Well I got some more of the decking cut out and placed still need to take it out and do some sealing. 




















I also came up for a use for the seat I cut out. Tell me what you think it's just mocked up right now still got to tweak a few things on it. Also do you see any problem with the way I have the trolling motor sitting?




































Let me know what you think

Thanks,
Dave


----------



## Waterwings (May 15, 2008)

Great framing and layout! My tm mount sticks over the bow about 1"-2" also. Make sure you have enough room under the deck to insert the mounting bolts and get the nuts on, especially at the front where the bow starts it's slope. Everything looks good to me! 8)


----------



## seaarc (May 15, 2008)

thanks waterwings


----------



## natetrack (May 15, 2008)

Looks really cool. nice job on the layout.


----------



## alumacraftjoe (May 15, 2008)

Nice work! I think the trolling motor looks fine.


----------



## Tompatt (May 16, 2008)

u live in louisville? where at exactly?


----------



## seaarc (May 16, 2008)

Hey Tompat I live out in Valley Station area.


----------



## Waterwings (May 16, 2008)

I used to live in Valley Station for a short time (I was in the 7th grade).
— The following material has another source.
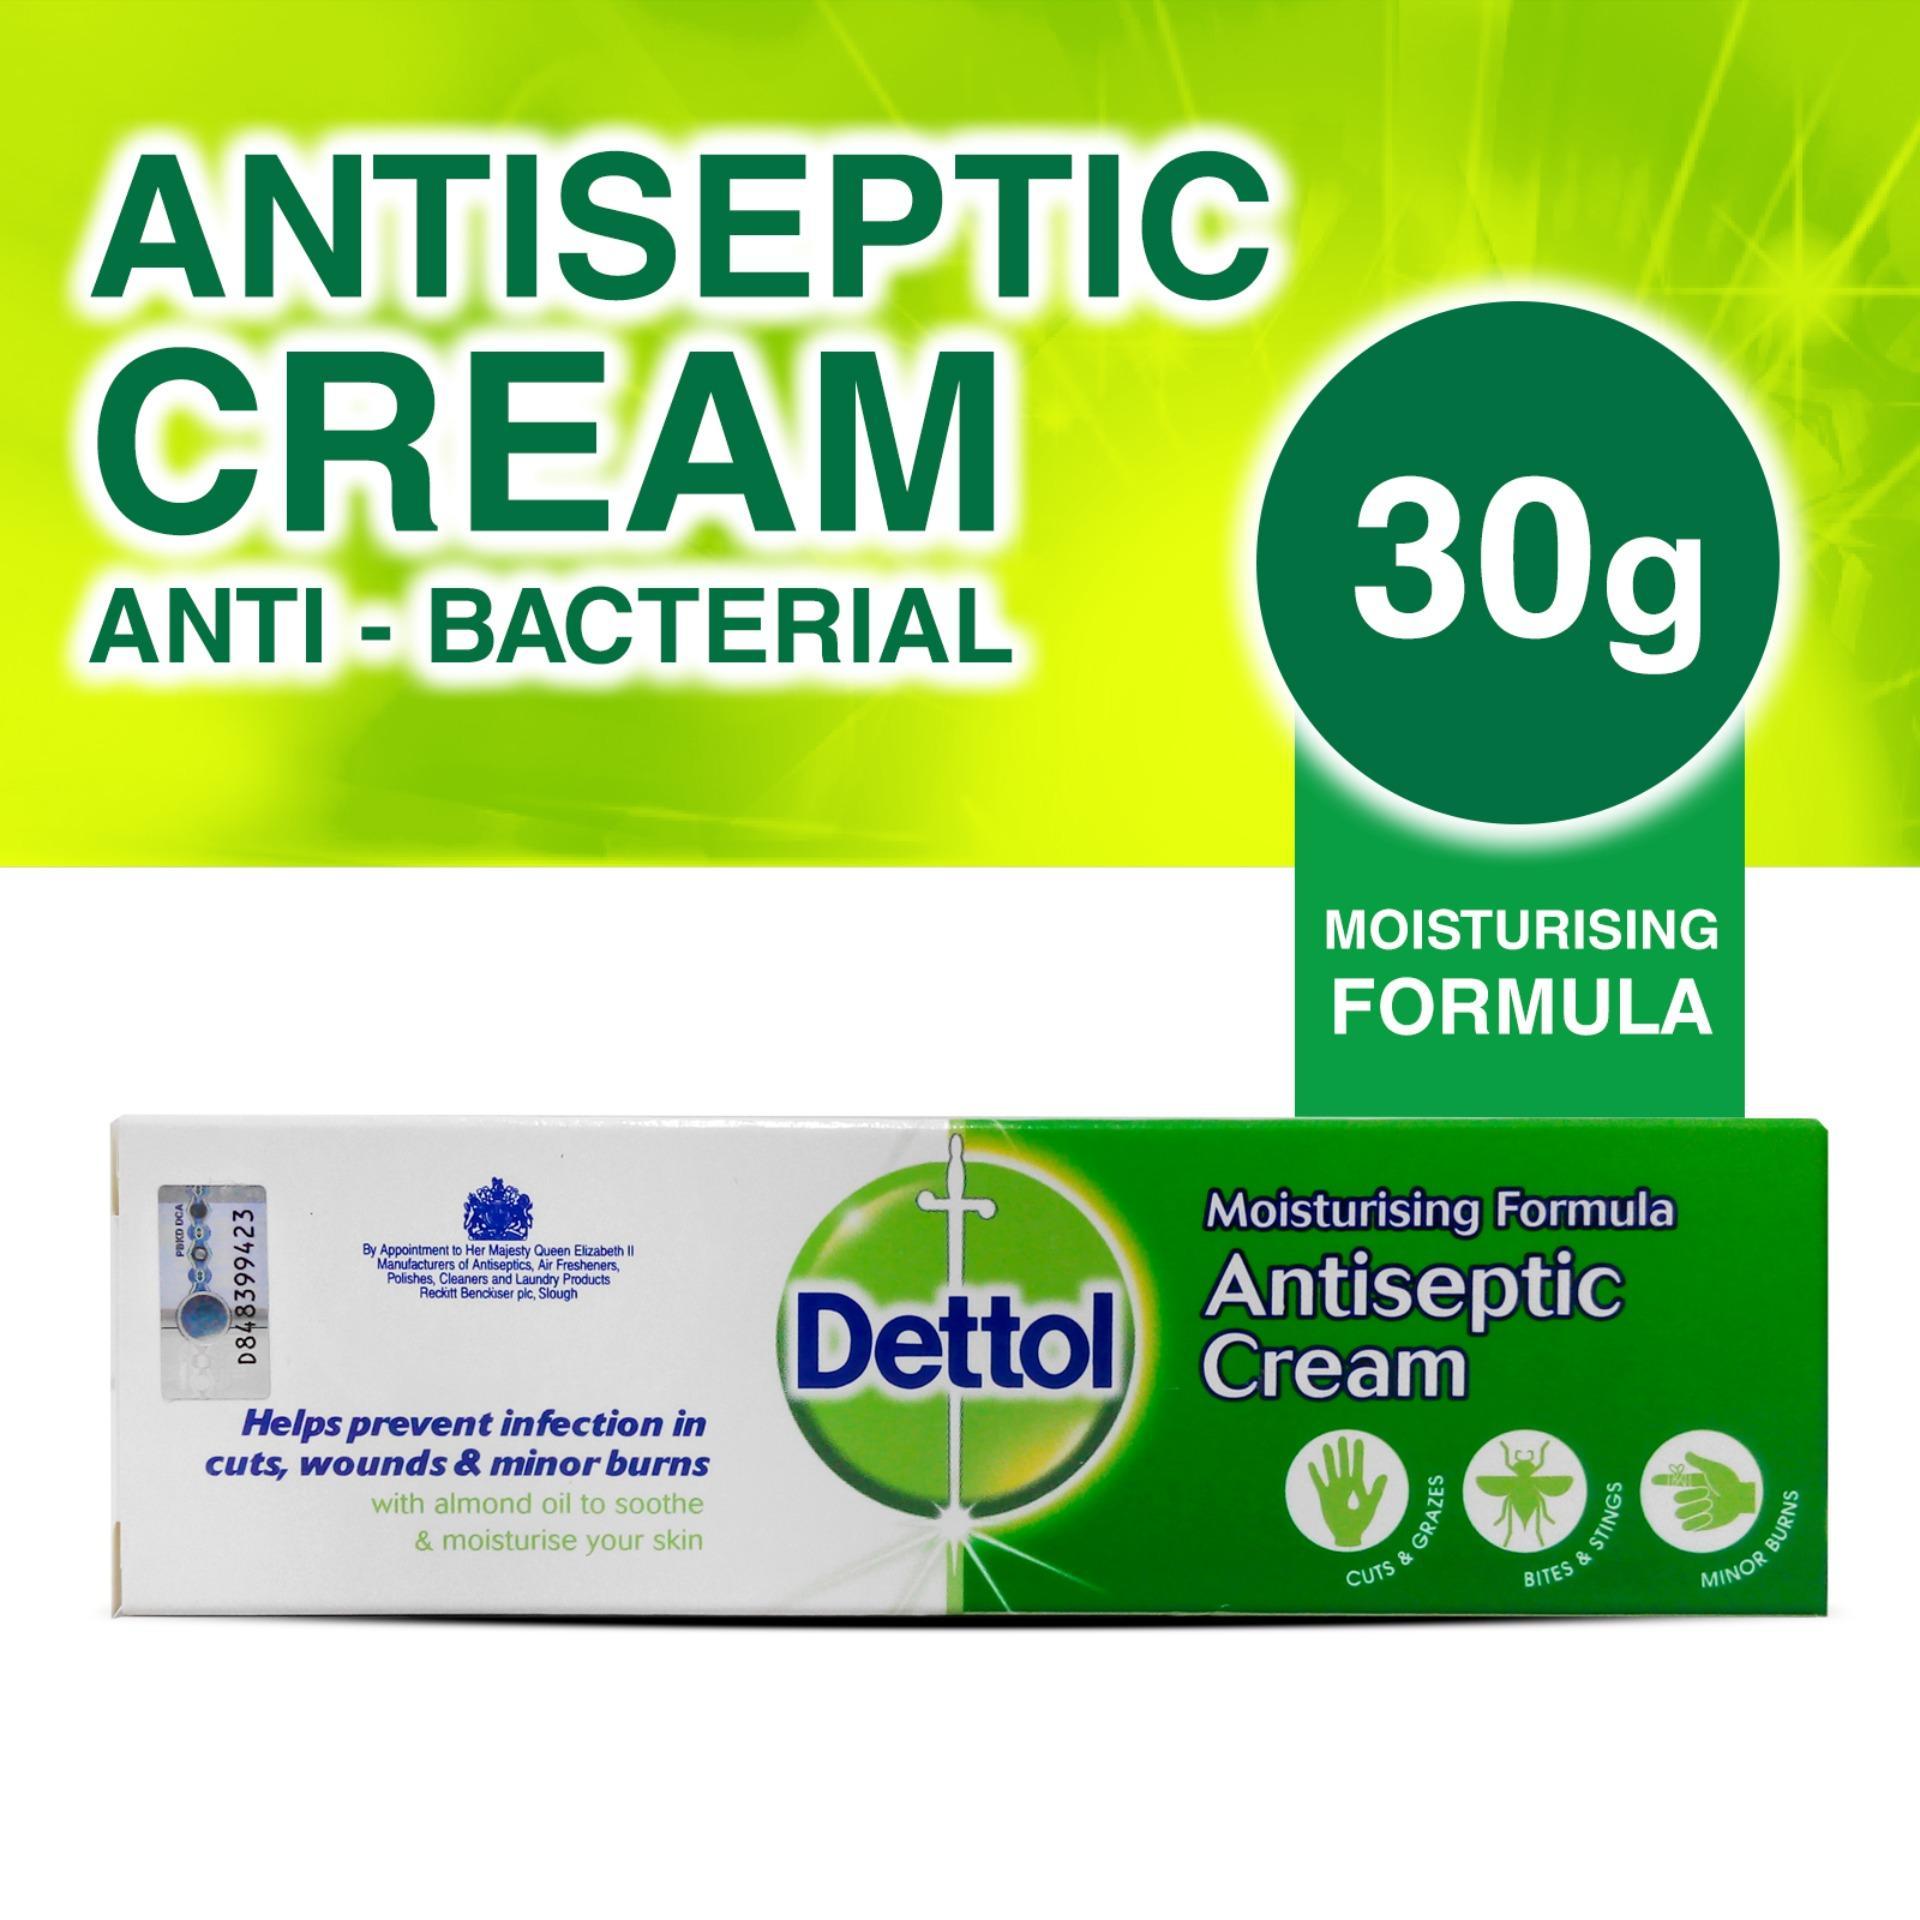 Dettol Moisturising Antiseptic Cream 30g By Dettol.

We lived on Ethan Allen Way


----------



## Tompatt (May 16, 2008)

seaarc said:


> Hey Tompat I live out in Valley Station area.



i think i heard of that place. i go up to Louisville a ton. my grandpa has 2 houses up there. one of dixie highway and the other in hardin county near rough river. the one in hardin county is just like a lil trailer that we spend time there and go fishin.


----------